- **EXERCISE DATA**
Start of Block

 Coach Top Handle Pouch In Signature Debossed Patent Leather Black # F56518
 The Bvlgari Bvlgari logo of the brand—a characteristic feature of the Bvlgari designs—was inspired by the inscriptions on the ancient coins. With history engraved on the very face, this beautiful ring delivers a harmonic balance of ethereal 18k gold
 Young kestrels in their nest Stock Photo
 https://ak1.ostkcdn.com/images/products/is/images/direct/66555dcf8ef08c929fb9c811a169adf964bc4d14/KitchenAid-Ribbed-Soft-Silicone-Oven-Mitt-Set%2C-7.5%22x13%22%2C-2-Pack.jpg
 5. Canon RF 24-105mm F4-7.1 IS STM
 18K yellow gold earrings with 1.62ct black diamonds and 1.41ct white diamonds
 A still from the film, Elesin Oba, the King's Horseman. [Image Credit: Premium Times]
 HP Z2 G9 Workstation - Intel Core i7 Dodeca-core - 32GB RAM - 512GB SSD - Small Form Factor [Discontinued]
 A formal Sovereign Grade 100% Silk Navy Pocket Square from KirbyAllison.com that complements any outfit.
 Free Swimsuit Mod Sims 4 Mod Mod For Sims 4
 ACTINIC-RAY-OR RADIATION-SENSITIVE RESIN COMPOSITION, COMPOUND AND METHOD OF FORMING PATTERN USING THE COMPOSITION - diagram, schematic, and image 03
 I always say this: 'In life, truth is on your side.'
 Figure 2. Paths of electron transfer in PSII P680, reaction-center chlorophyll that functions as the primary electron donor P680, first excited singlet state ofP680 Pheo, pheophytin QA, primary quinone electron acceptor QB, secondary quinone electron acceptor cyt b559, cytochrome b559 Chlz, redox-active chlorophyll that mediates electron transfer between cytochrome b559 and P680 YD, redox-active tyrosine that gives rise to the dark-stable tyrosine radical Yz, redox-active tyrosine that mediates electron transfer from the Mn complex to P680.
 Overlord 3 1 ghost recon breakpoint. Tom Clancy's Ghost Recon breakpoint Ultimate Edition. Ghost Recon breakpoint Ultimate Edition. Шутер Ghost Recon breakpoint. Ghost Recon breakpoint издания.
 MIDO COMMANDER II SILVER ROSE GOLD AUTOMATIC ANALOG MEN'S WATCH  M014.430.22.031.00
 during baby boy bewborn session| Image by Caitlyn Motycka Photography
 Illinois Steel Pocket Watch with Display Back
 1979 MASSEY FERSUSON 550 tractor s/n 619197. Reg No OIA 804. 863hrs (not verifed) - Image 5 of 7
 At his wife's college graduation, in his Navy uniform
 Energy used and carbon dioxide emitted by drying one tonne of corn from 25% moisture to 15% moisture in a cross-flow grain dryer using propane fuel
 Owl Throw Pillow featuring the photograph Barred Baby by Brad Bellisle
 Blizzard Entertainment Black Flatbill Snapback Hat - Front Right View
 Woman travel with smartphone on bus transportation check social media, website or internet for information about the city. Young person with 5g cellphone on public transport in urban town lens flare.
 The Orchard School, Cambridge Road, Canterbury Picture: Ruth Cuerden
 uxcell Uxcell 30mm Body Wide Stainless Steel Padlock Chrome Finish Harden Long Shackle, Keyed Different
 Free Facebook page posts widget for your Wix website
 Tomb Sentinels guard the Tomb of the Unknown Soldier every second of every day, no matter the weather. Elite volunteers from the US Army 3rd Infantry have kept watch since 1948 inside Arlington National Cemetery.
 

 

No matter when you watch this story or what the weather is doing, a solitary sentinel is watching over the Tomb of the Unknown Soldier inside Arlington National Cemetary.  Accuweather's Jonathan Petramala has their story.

End of Block

- **EXERCISE**
Every line of the data above that includes "Soldier" should be listed.

- **ANSWER SPACE**
 Tomb Sentinels guard the Tomb of the Unknown Soldier every second of every day, no matter the weather. Elite volunteers from the US Army 3rd Infantry have kept watch since 1948 inside Arlington National Cemetery.
No matter when you watch this story or what the weather is doing, a solitary sentinel is watching over the Tomb of the Unknown Soldier inside Arlington National Cemetary.  Accuweather's Jonathan Petramala has their story.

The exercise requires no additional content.